Introduction
This book is about
thinking. But it is not about any thinking. It is about those kinds of thinking that take
conscious effort, and which can be done well or badly. Most of our thinking
takes little or no conscious effort. We just do it. You could almost say that
we think without thinking! If I am asked whether I would like coffee or tea, I
don’t have to exercise skill to reply
appropriately. Similarly, if I am asked a factual question, and I know the
answer, it takes no skill to give it. Expressing a preference or stating a fact
are not in themselves thinking skills. There are language and
communication skills involved, of course, and these are very considerable
skills in their own right. But they are contributory skills to the activities
which we are calling ‘thinking’.
This distinction is
often made by assigning some skills a ‘higher order’ than others. Much work has
been done by psychologists, educationalists, philosophers and others to
classify and even rank different kinds of thinking. Most would agree that
activities
such as analysis,
evaluation, problem solving and decision making present a higher order of challenge
than simply knowing or recalling or understanding facts. What distinguishes
higher orders of thinking is that they apply knowledge and adapt it to
different purposes.
They require initiative
and independence on the part of the thinker. It is skills of this order that
form the content of this book. Skills are acquired, improved, and judged by
performance. In judging any skill, there are two key criteria: (1) the expertise
with which a task is carried out; (2) the difficulty of the task. We
are very familiar with this in the case of physical skills. There are basic
skills like walking and running and jumping; and there are advanced skills like
gymnastics or woodwork or piano playing. It doesn’t make much sense to talk
about jumping ‘well’ unless you mean jumping a significant
distance, or clearing a
high bar, or somersaulting in mid-air and landing on your feet. There has to be
a degree of challenge in the task. But even when the challenge is met,
there is still more to be said about the quality of the performance. One gymnast
may look clumsy and untidy, another perfectly controlled and balanced.
Both have performed the
somersault, but one has done it better than the other: with more economy
of effort, and more skilfully. The first of these two criteria also applies to thinking.

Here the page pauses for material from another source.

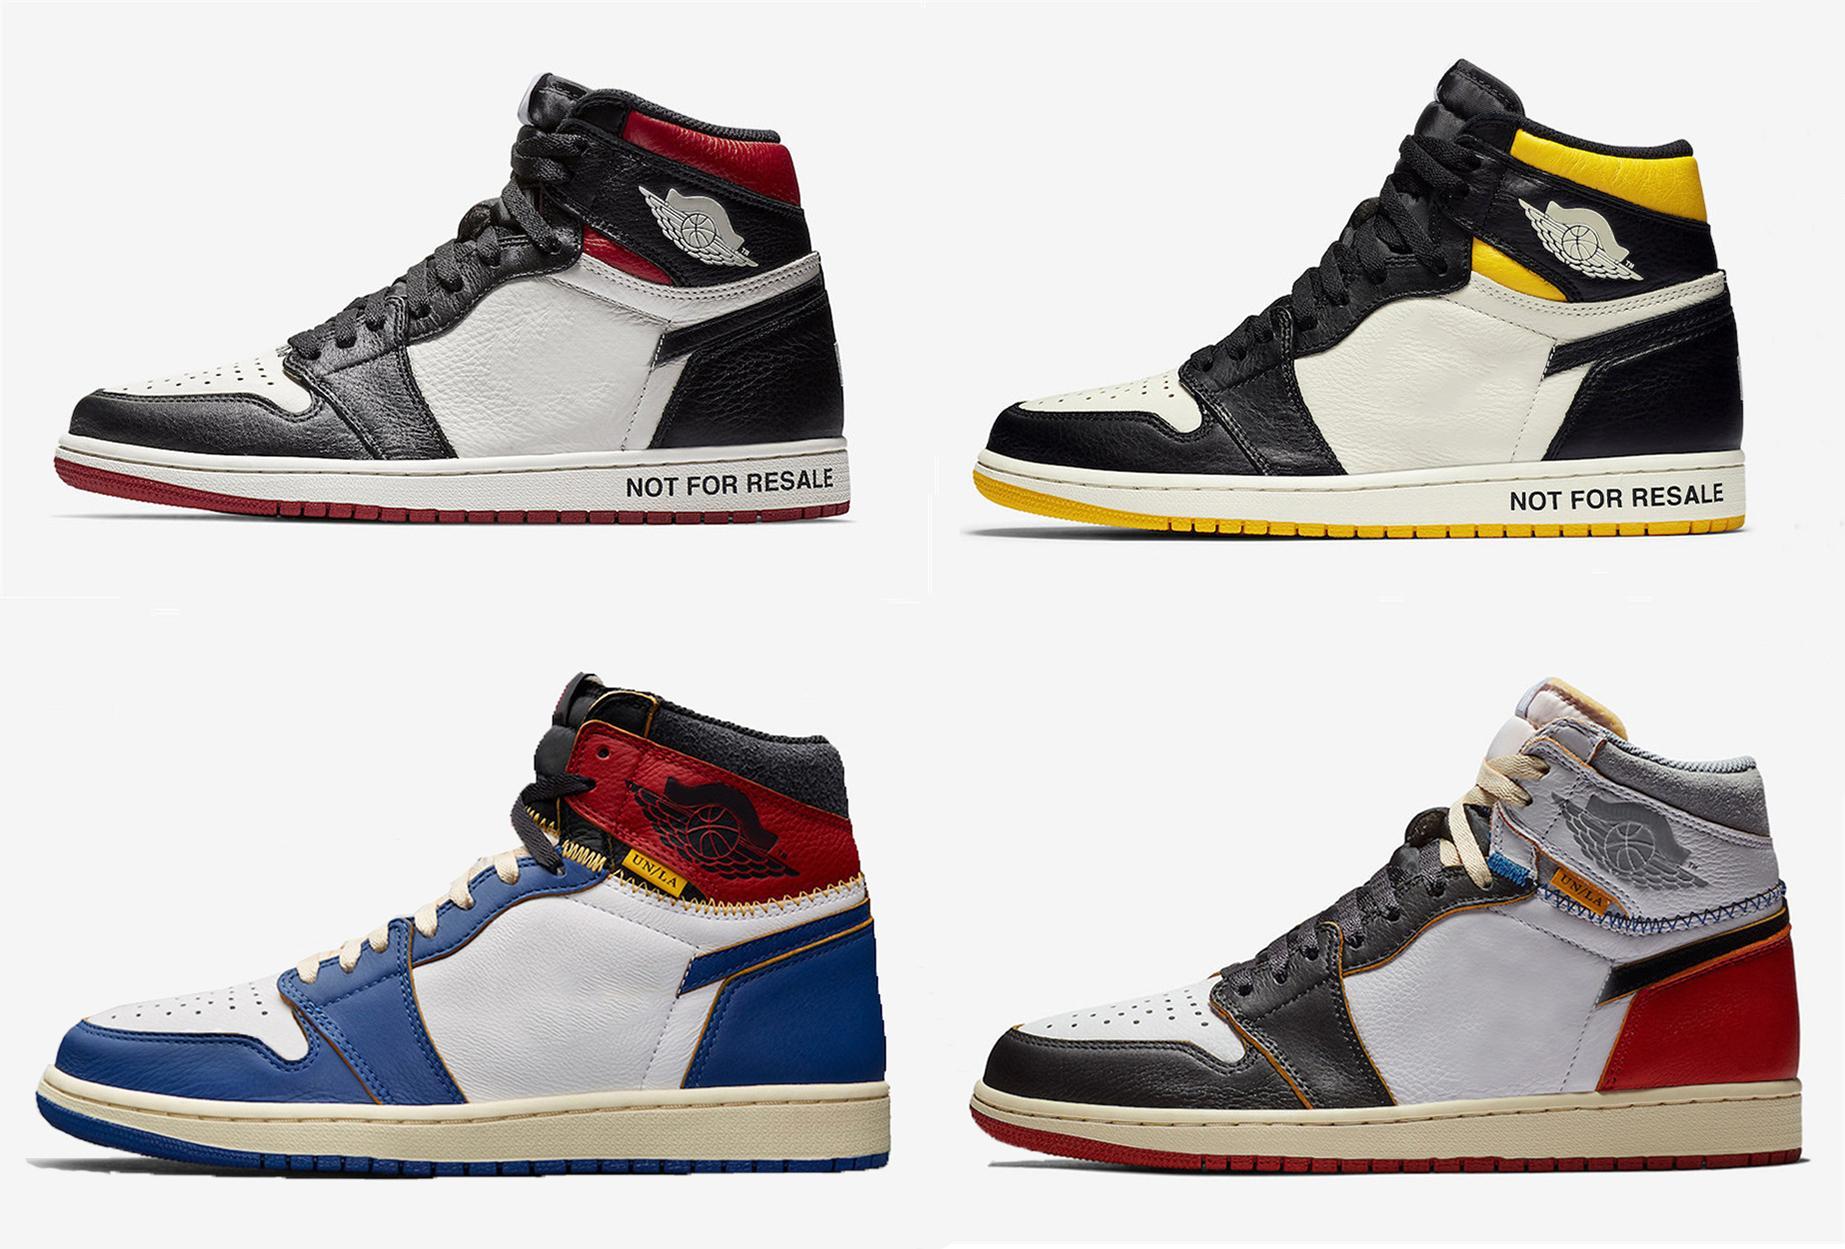 Nueva Unión de lanzamiento x 1 zapatillas de deporte de alta OG NRG no para los zapatos de baloncesto del hombre 1S Bred reventa Sin Ls Amarillo Negro Blanco real de cuero con OG Box

Once we have learned to count and add, tell the time, read and understand a
text, recognise shapes, and so on, we do these things without further thought,
and we don’t really regard them as skilled. You don’t have to think
‘hard’ unless there is a hard problem to solve, a decision to make, or a
difficult concept to understand. So, as with physical performance, we judge
thinking partly by the degree of challenge posed by the task. If a student can
solve a difficult problem, within a set time, that is usually judged as a sign
of greater skill than solving an easier one.